10. Hukuk Dairesi 2014/10208 E. , 2015/11737 K.
"İçtihat Metni"... Başkanlığı adına Av. ... ile 1-... 2-.. ... 3-... Görgülü arasındaki dava hakkında ... 14. İş Mahkemesinden verilen 30.04.2013 günlü ve 2011/138-2013/523 sayılı hükmün, davalı ... tarafından temyiz edilmesi üzerine dosya incelendi, gereği konuşulup düşünüldü.
1- Bazı maddeleri dışında 19.01.2011 tarihinde yürürlüğe giren 6099 sayılı Kanunun 3. maddesi ile değişik 7201 sayılı Tebligat Kanunu’nun 10/2. maddesine göre “bilinen en son adresin tebligata elverişli olmadığının anlaşılması veya tebligat yapılamaması hâlinde, muhatabın adres kayıt sisteminde bulunan yerleşim yeri adresi, bilinen en son adresi olarak kabul edilir ve tebligat buraya yapılır.”; Yine, 6099 sayılı Kanunun 5. maddesi ile 7201 sayılı Kanunun 21. maddesine eklenen ikinci fıkrasına göre,“österilen adres muhatabın adres kayıt sistemindeki adresi olup, muhatap o adreste hiç oturmamış veya o adresten sürekli olarak ayrılmış olsa dahi, tebliğ memuru tebliğ olunacak evrakı, o yerin muhtar veya ihtiyar heyeti azasından birine veyahut zabıta amir veya memurlarına imza karşılığında teslim eder ve tesellüm edenin adresini ihtiva eden ihbarnameyi gösterilen adresteki binanın kapısına yapıştırır. İhbarnamenin kapıya yapıştırıldığı tarih, tebliğ tarihi sayılır.”; Yine, 6099 sayılı Kanunun 9. maddesi ile değişik 7201 sayılı Kanunun 35. maddesinin ikinci fıkrasına göre, “Adresini değiştiren kimse yenisini bildirmediği ve adres kayıt sisteminde yerleşim yeri adresi de tespit edilemediği takdirde, tebliğ olunacak evrakın bir nüshası eski adrese ait binanın kapısına asılır ve asılma tarihi tebliğ tarihi sayılır.” düzenlemelerine yer verilmiştir.
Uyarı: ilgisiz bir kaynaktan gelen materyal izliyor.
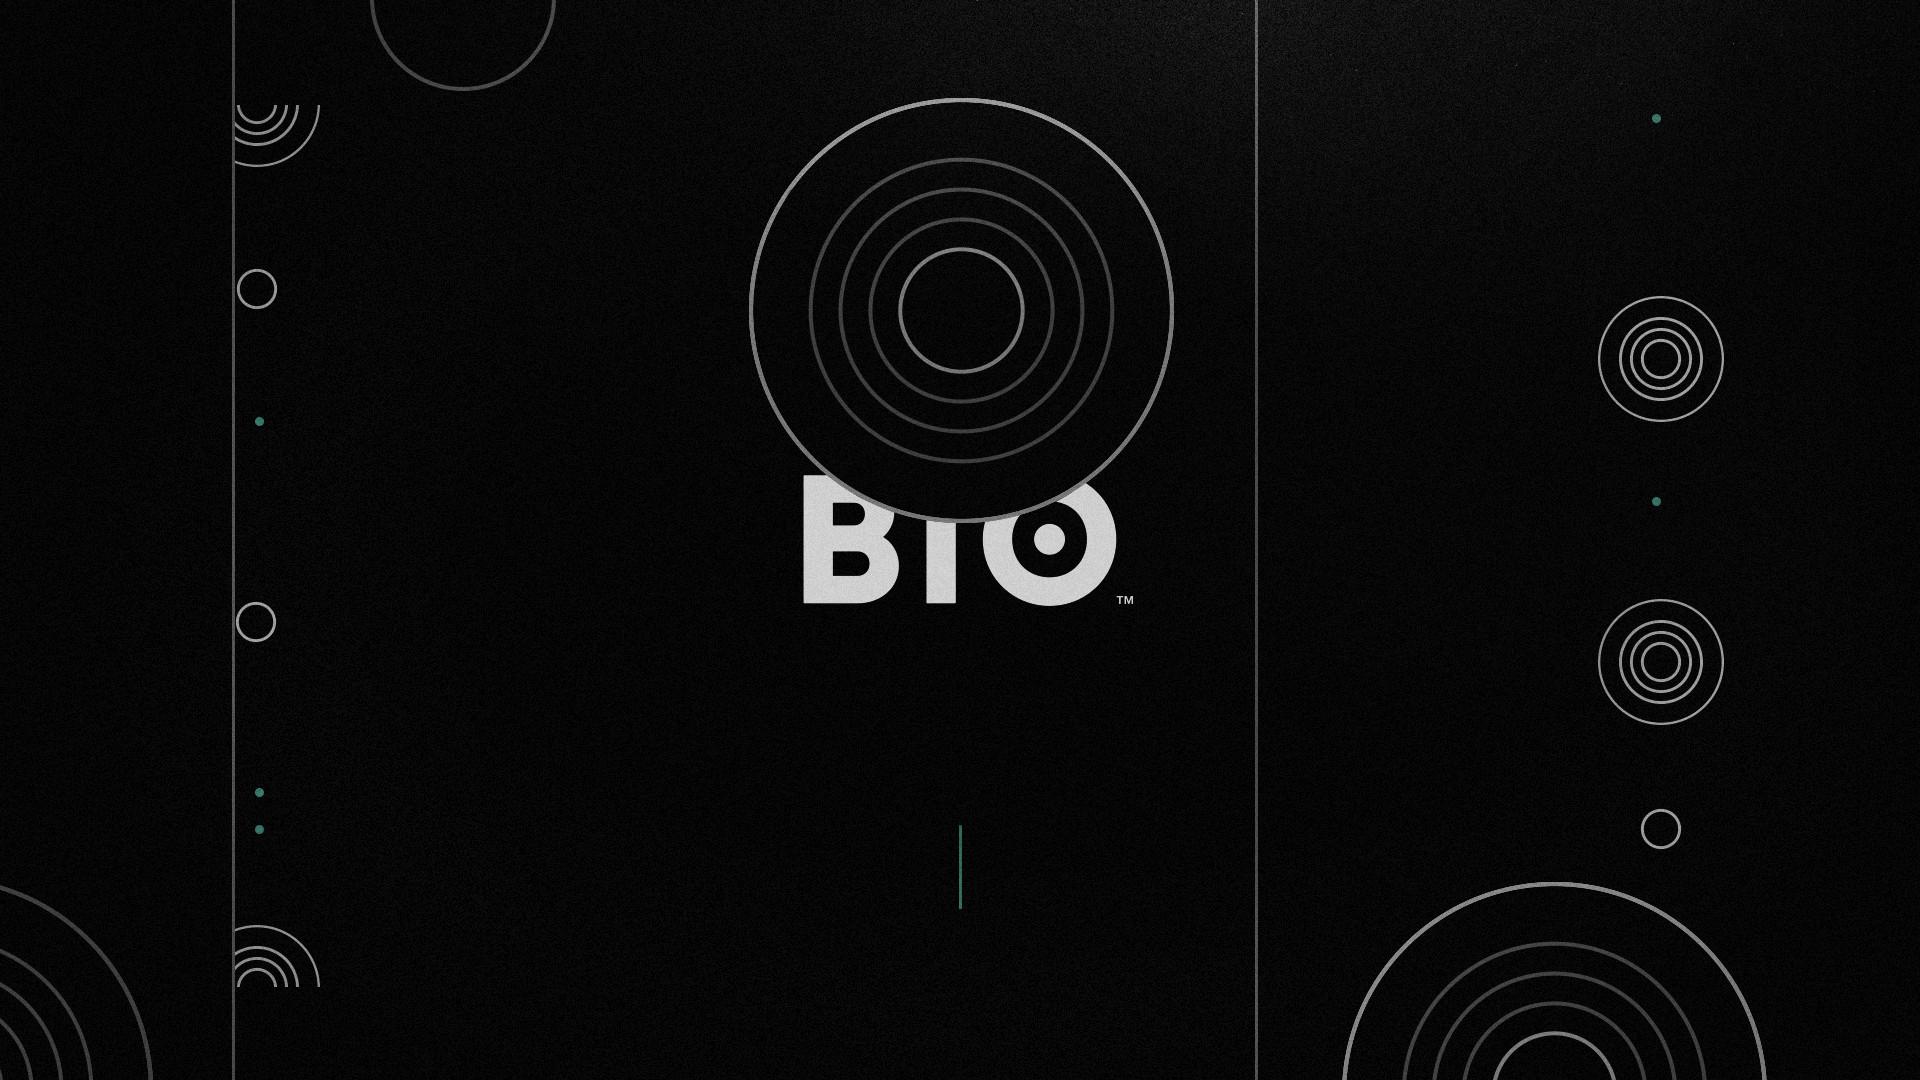 A+E_Upfront_Bio_02_transition.jpg

Tüm bu düzenlemeler gözetildiğinde, artık, adres kayıt sisteminde yazılı adresi bulunanlara, 7201 sayılı Kanunun 35. maddesine göre tebligat yapılamayacak olup; bilinen en son adresin tebligata elverişli olmadığının anlaşılması veya tebligat yapılamaması hâlinde, adres kayıt sisteminde yazılı adresine, 21. maddenin ikinci fıkrasına göre tebliğ yapılması gerekecektir.
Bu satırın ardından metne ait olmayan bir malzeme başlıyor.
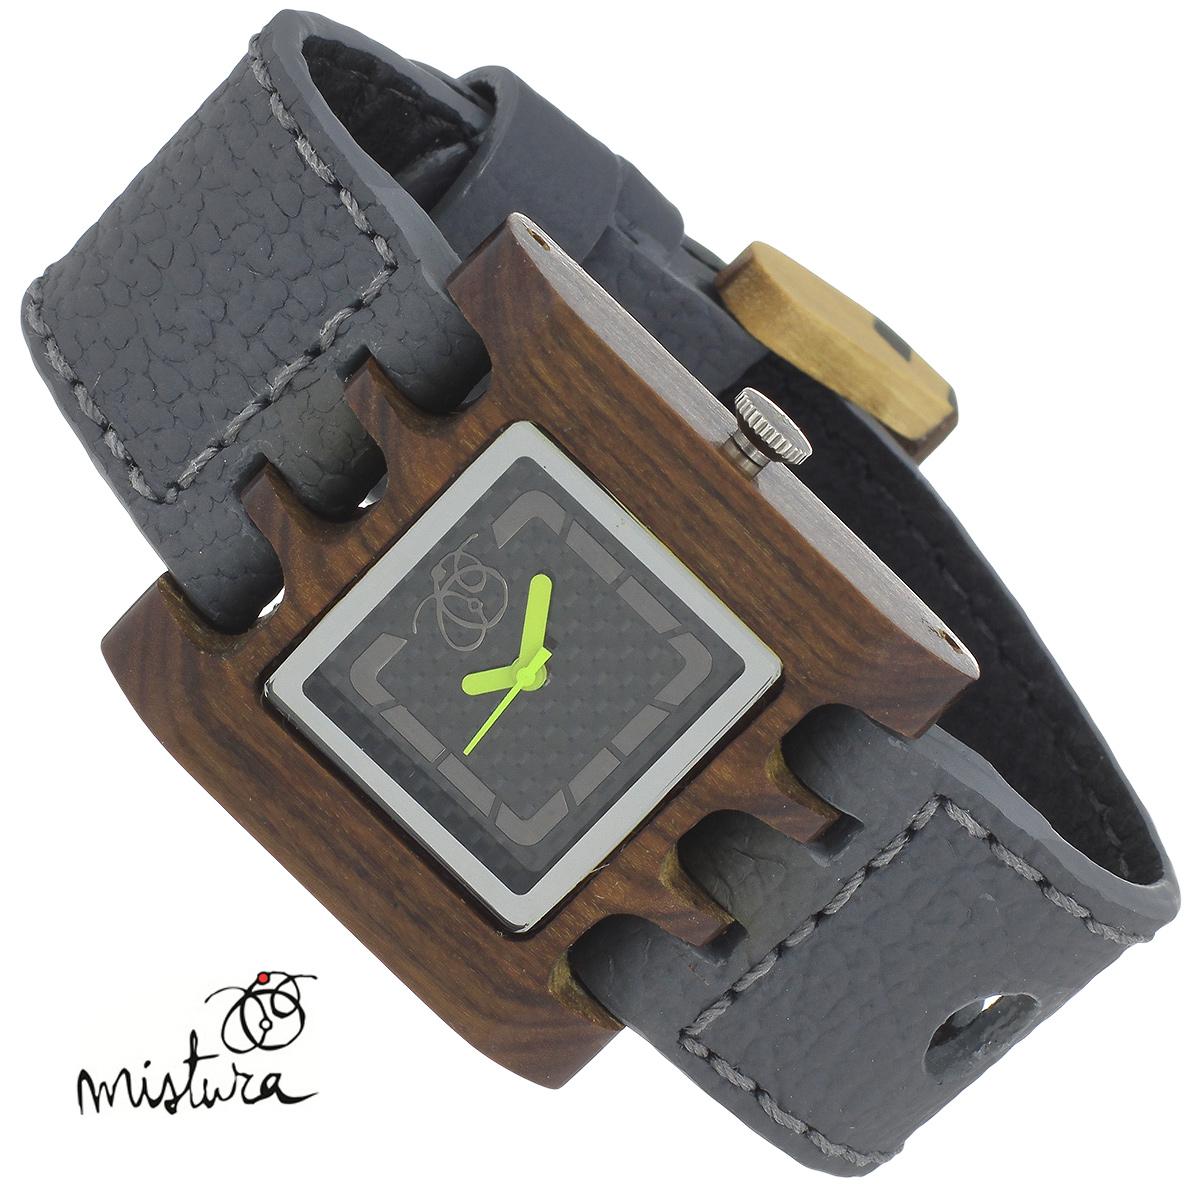 Часы наручные Mistura Quadrato, цвет: серый. TP09009GYPUCFWDTP09009GYPUCFWDxНаручные часы Mistura благодаря своему эксклюзивному дизайну позволят вам выделиться из толпы и подчеркнуть свою индивидуальность. Для изготовления корпуса часов используется древесина тропических лесов Колумбии с применением индивидуальных методов ее обработки. Дизайн выполняется вручную. Часы оснащены японским кварцевым механизмом MIYOTA. Ремешок из натуральной кожи с фактурной поверхностью оформлен декоративной отстрочкой, застегивается на классическую застежку с деревянным язычком. Корпус часов изготовлен из дерева. Циферблат оформлен металлическими накладками и защищен минеральным стеклом. Часы имеют функцию защиты от брызг. Изделие упаковано в фирменную коробку с логотипом компании Mistura. Часы марки Mistura идеально подходят молодым и уверенным в себе людям, ценящим качество, практичность и индивидуальность в каждой детали. Каждая модель оснащена оригинальным дизайнерским корпусом, а также ремешком из натуральной кожи, который можно заменить по...

Dava dosyasından, gıyabi hükmün, davalılar ...ve... ...’nün adres kayıt sisteminde kayıtlı adresleri araştırılmaksızın tebliğ edildiği anlaşılmaktadır.
Mahkemece, verilen gıyabi hükmün davalı ... için; adres kayıt sisteminde kayıtlı adresinin, tebliğ yapılan adres olduğunun anlaşılması halinde aynen, farklı bir adres olduğunun anlaşılması halinde yukarıda yapılan açıklamalar ışığında yöntemince, yine davalı ...’nün adres kayıt sisteminde kayıtlı
adresine, Tebligat Kanunun 21. maddesine uygun yöntemince tebliğ edilerek; temyiz süresi geçtikten ve gerektiğinde Hukuk Muhakemeleri Kanununun geçici 3.maddesi gereği, Hukuk Usulü Muhakemeleri Kanununun 432. maddesindeki prosedür işletildikten sonra gönderilmek üzere,
2-Davalı ... tarafından borçların yapılandırılmasına ilişkin 6111 sayılı Yasa gereği Kuruma başvuruda bulunduğuna ilişkin belgeler sunulmuş olup;
Eldeki davaya konu iş kazası ile ilgili borçlar nedeniyle 6111 sayılı Yasa kapsamında başvurunun bulunup-bulunmadığı, başvuruda bulunulmuşsa borcun ne kadarının yapılandırıldığı, borçların bir kısmı için yapılandırmadan yararlanılmış ise, buna ilişkin hususun da ayrıca belirtilmesi sağlanarak Kurum’dan sorulup, ilgili belgelerin tamamı ile yapılan ödemelerin tamamı celp edilip, evraklar dosya içine konulduktan sonra gönderilmek üzere dosyanın mahalline GERİ ÇEVRİLMESİNE, 15.06.2015 gününde oybirliğiyle karar verildi.